# Records for the exercise
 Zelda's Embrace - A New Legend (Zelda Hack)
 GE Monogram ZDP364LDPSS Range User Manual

* * *

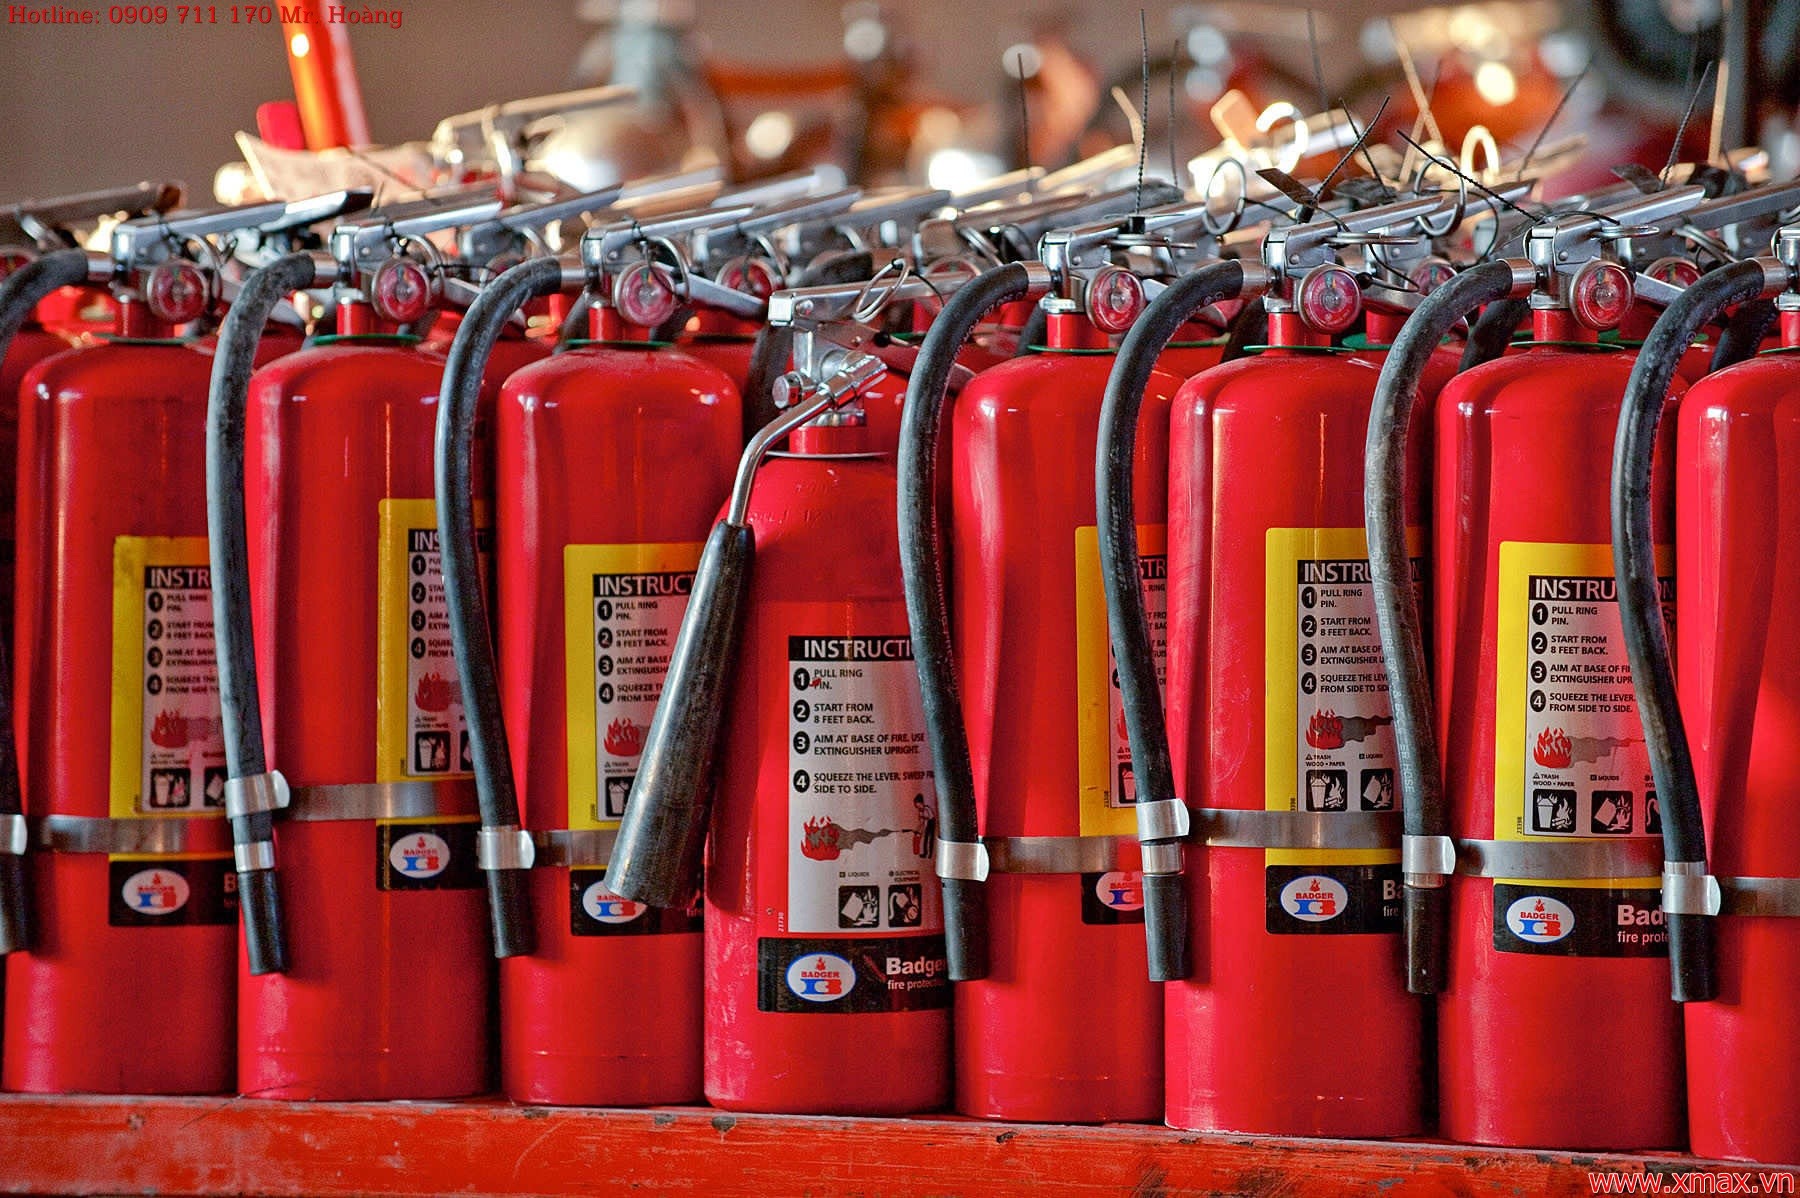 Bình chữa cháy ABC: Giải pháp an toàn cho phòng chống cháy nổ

--

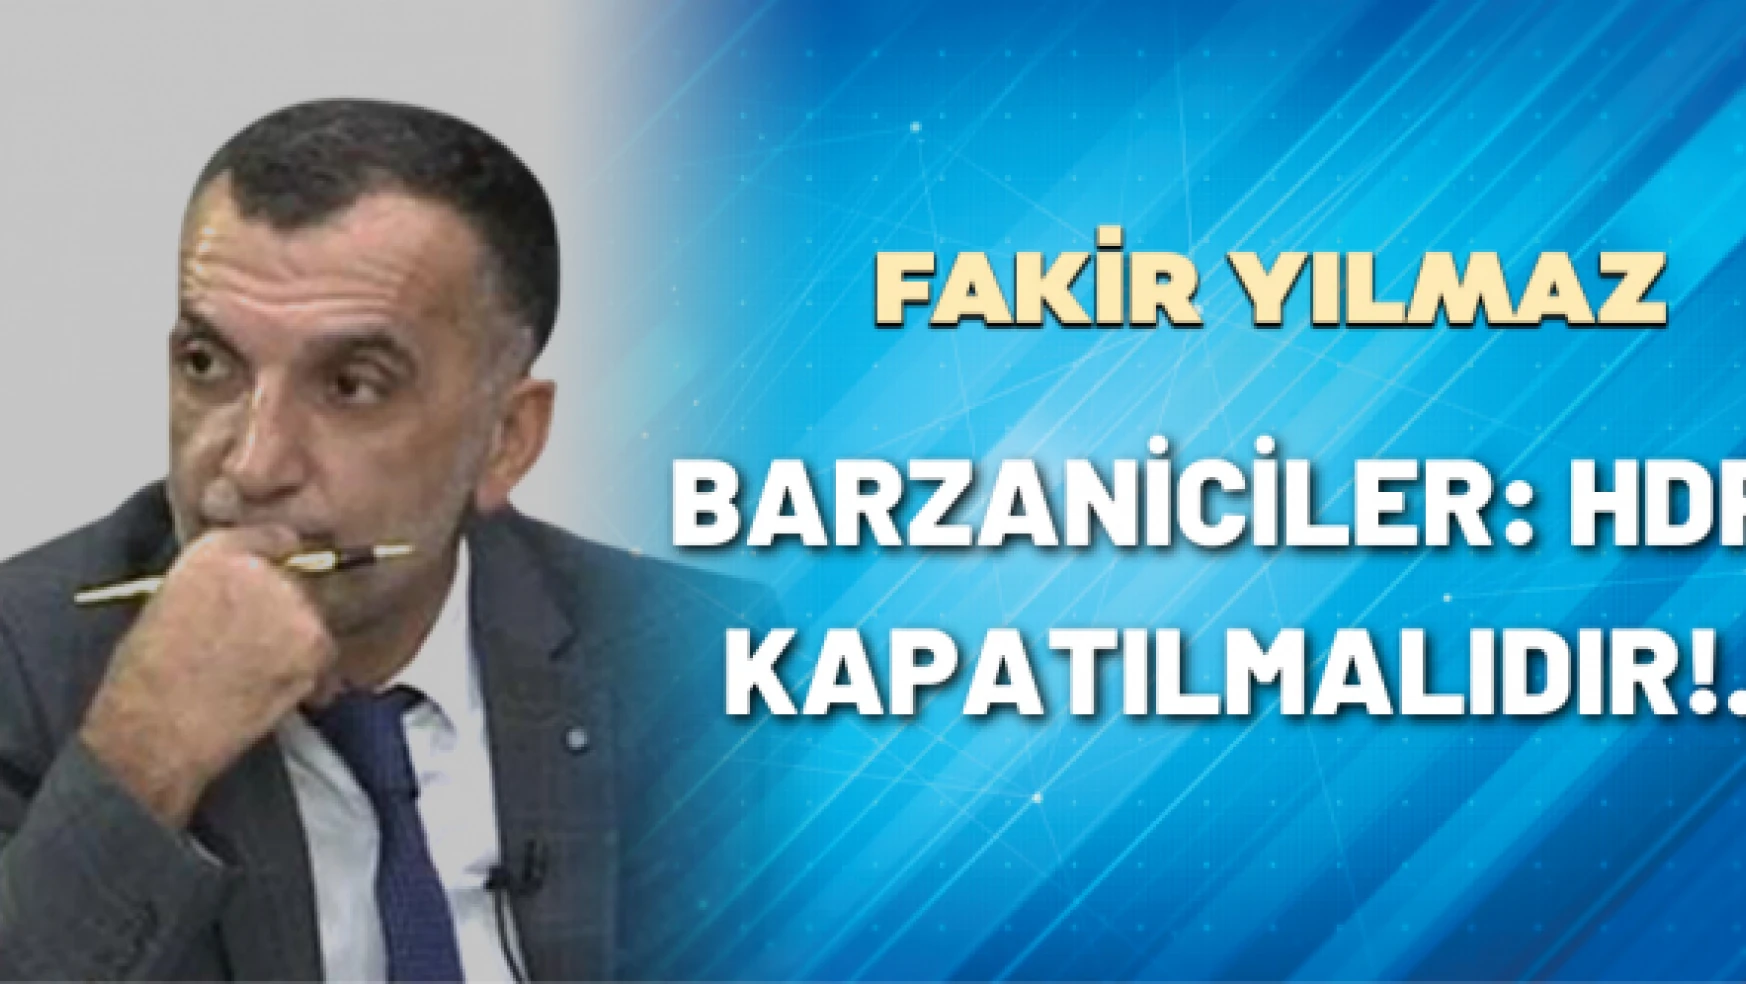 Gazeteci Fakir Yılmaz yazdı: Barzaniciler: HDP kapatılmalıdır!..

# Try it
Search the listing above for the lines with "Zelda's Embrace - A New Legend (Zelda Hack)" and "GE Monogram ZDP364LDPSS Range User Manual", then output those lines and all lines between them exactly.

# Result of this task
 Zelda's Embrace - A New Legend (Zelda Hack)
 GE Monogram ZDP364LDPSS Range User Manual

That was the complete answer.